Though the plan to scrap the exams was broached in 2014 – the time when Jokowi introduced his Nawacita program on his campaign trail prior to assuming the presidency — Muhadjir’s predecessor Anies Baswedan still held them in order to map out the quality of schools nationwide, but no longer to determine whether a student graduated or not.

During the term of Anies, who is currently standing in the Jakarta gubernatorial election, the ministry introduced a policy in which the senior high school exam score was the basis for entering state universities, along with school academic reports and entrance tests, and implemented a computer-based exam aimed at eradicating old problems, such as leaks and the wrong distribution of answer sheets, as well as rampant cheating among students.
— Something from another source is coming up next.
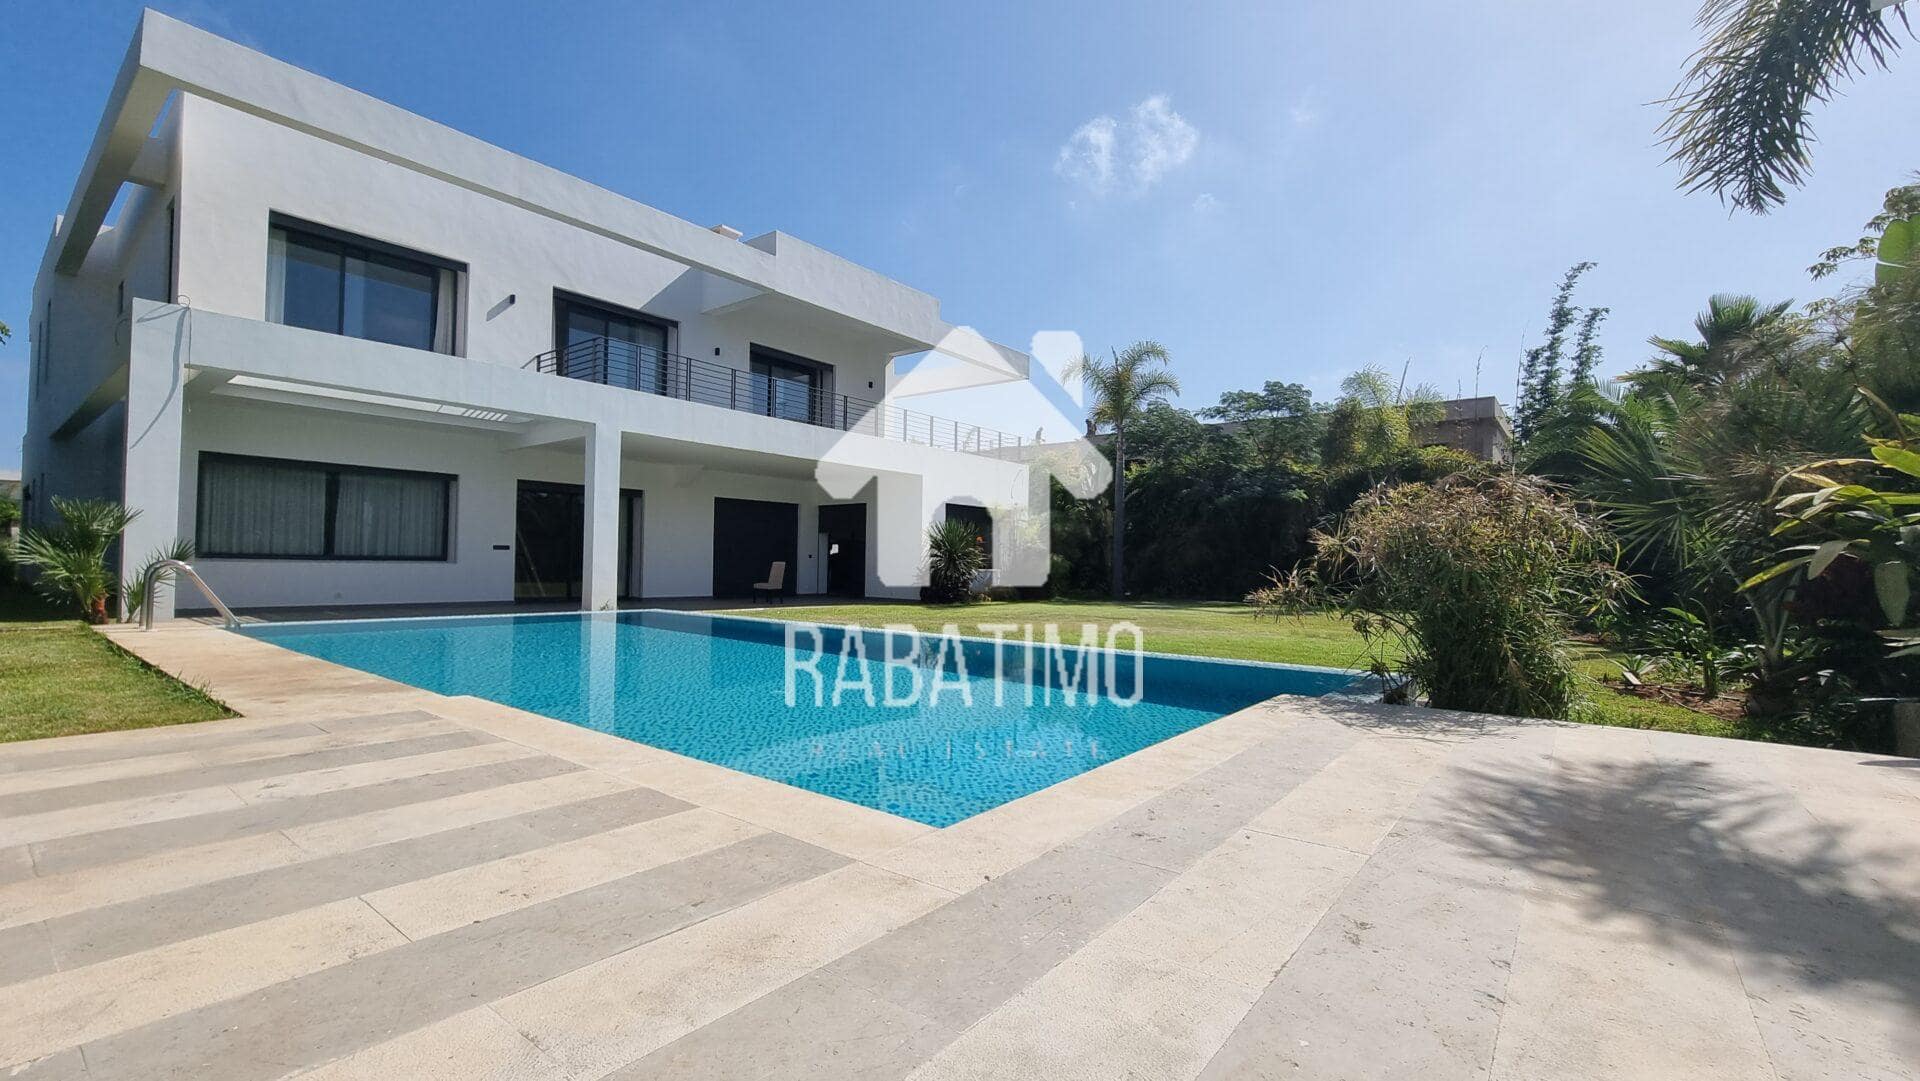 location villa Rabat Souissi chauffage piscine
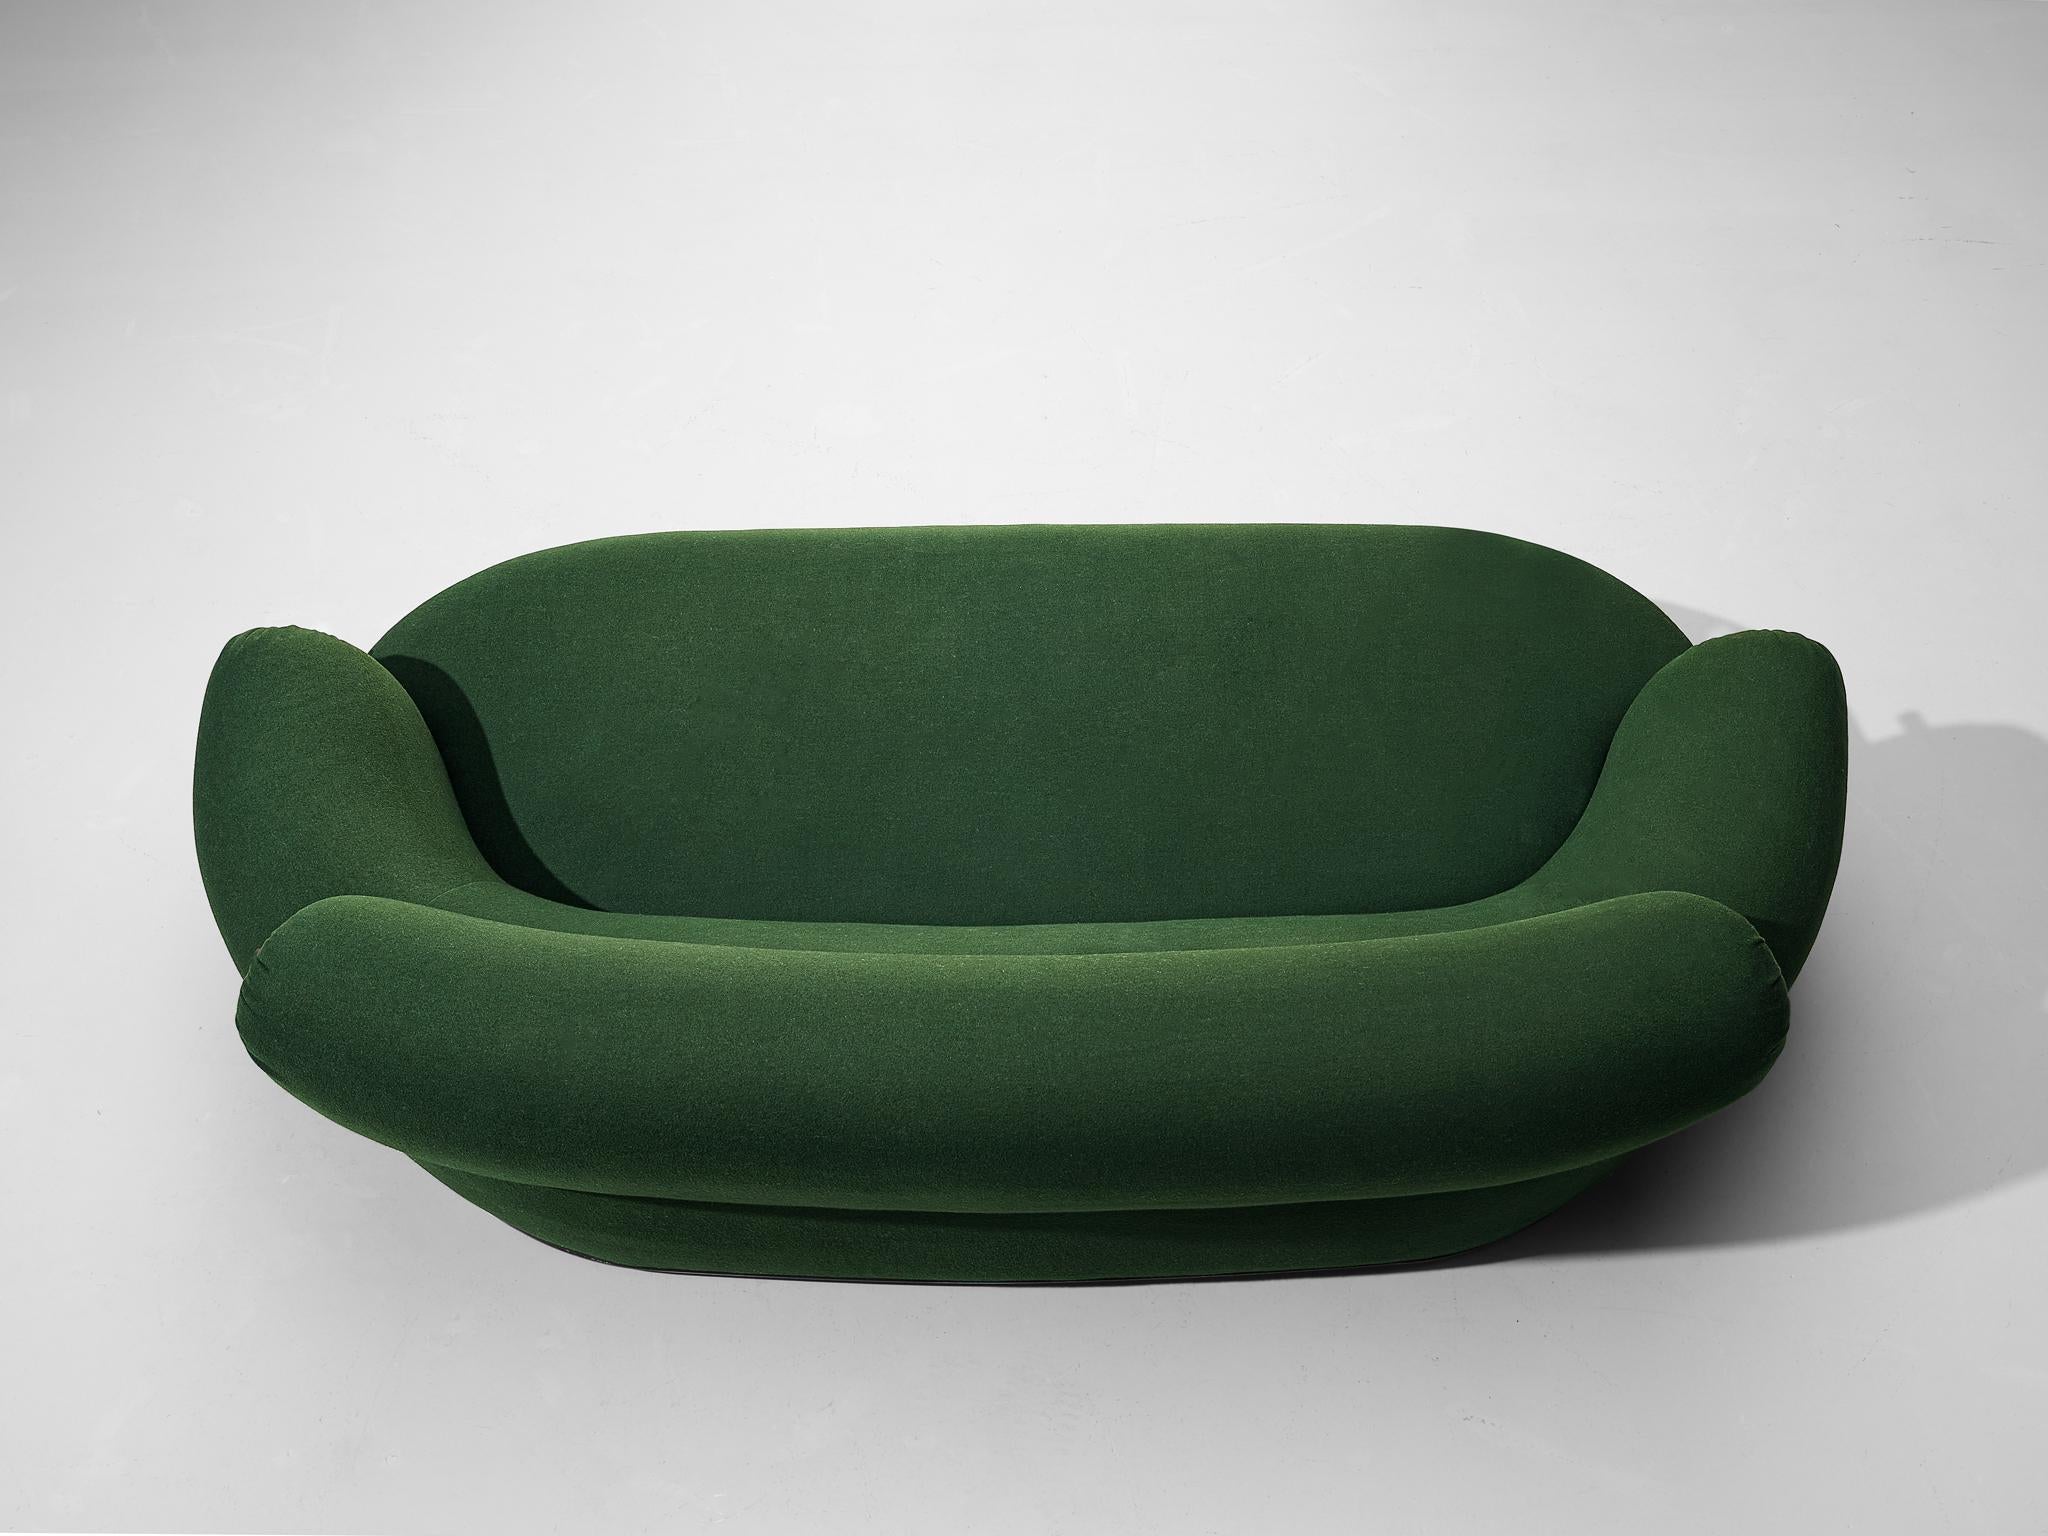 Italian Luigi Caccia Dominioni for Azucena ‘Toro’ Sofa in Dark Forest Green Upholstery For Sale

But surveys revealed that, though the national exams were no longer the single factor determining whether students graduated, individual cheating still marred the implementation of the computer-based test.

Anies said in May that such practices were still rampant, because many school principals continued to provide students with the answer keys, a hangover from when the exams determined student graduation.

The ministry’s education evaluation center head, Nizam, said the decision to impose a national exams moratorium was based on what he described as a “thorough evaluation” carried out to determine the quality of schools nationwide, through which the ministry found out only 30 percent of schools met the standards.

“After conducting the evaluation, we concluded that this [national exam moratorium] is the best option,” Nizam told The Jakarta Post, adding that the decision was also intended to respond to the Supreme Court’s 2009 cassation ruling.

The cassation verdict ruled that the government had to first improve the quality of education across the country before implementing the exams again.

Then-education minister Muhammad Nuh, however, decided to retain the national exams, saying that they were the only appropriate means of educational assessment.

Education expert Itje Chodijah hailed the government’s move to impose the exam moratorium, saying it should lead teachers to become more creative in designing methods of evaluation other than the national exams.

Now that the government has decided to suspend the exams’, it has to improve the other facets of the country’s educational standards, such as facilities and teacher quality, Itje added.